(TASK REQUIREMENTS)
The word "Portugal" appears in some lines of the entries. Say how many, and give nothing but the number.
___ SUPPLIED MATERIAL ___
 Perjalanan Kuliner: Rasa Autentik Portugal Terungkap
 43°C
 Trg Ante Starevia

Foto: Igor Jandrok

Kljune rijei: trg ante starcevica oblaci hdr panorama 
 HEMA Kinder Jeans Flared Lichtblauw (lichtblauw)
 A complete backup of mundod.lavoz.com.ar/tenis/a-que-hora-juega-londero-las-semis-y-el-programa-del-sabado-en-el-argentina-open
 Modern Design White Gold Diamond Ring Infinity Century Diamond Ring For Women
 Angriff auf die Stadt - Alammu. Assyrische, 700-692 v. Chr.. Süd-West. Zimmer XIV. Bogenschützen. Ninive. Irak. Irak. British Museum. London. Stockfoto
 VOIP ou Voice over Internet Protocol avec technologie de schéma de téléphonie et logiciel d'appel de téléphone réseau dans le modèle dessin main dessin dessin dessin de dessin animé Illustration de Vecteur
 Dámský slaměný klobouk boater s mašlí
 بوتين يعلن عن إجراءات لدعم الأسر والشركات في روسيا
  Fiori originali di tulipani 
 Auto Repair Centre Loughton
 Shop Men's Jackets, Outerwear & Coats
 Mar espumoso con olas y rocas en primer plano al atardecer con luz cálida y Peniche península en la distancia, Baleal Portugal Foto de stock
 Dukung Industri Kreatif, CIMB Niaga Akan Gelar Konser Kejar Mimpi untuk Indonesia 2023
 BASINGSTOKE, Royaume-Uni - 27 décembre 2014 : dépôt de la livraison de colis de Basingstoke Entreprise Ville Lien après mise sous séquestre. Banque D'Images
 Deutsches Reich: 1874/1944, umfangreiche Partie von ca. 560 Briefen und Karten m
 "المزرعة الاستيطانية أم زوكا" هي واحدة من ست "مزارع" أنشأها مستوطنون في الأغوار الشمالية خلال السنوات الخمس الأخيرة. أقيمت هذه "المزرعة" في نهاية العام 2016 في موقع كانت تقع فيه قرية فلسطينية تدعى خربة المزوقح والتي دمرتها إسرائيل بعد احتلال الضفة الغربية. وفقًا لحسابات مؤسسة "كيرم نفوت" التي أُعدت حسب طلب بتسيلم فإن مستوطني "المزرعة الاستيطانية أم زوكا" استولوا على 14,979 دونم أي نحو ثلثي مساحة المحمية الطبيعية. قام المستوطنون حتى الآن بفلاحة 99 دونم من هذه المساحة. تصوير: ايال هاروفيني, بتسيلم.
___
(ANSWER BELOW)
2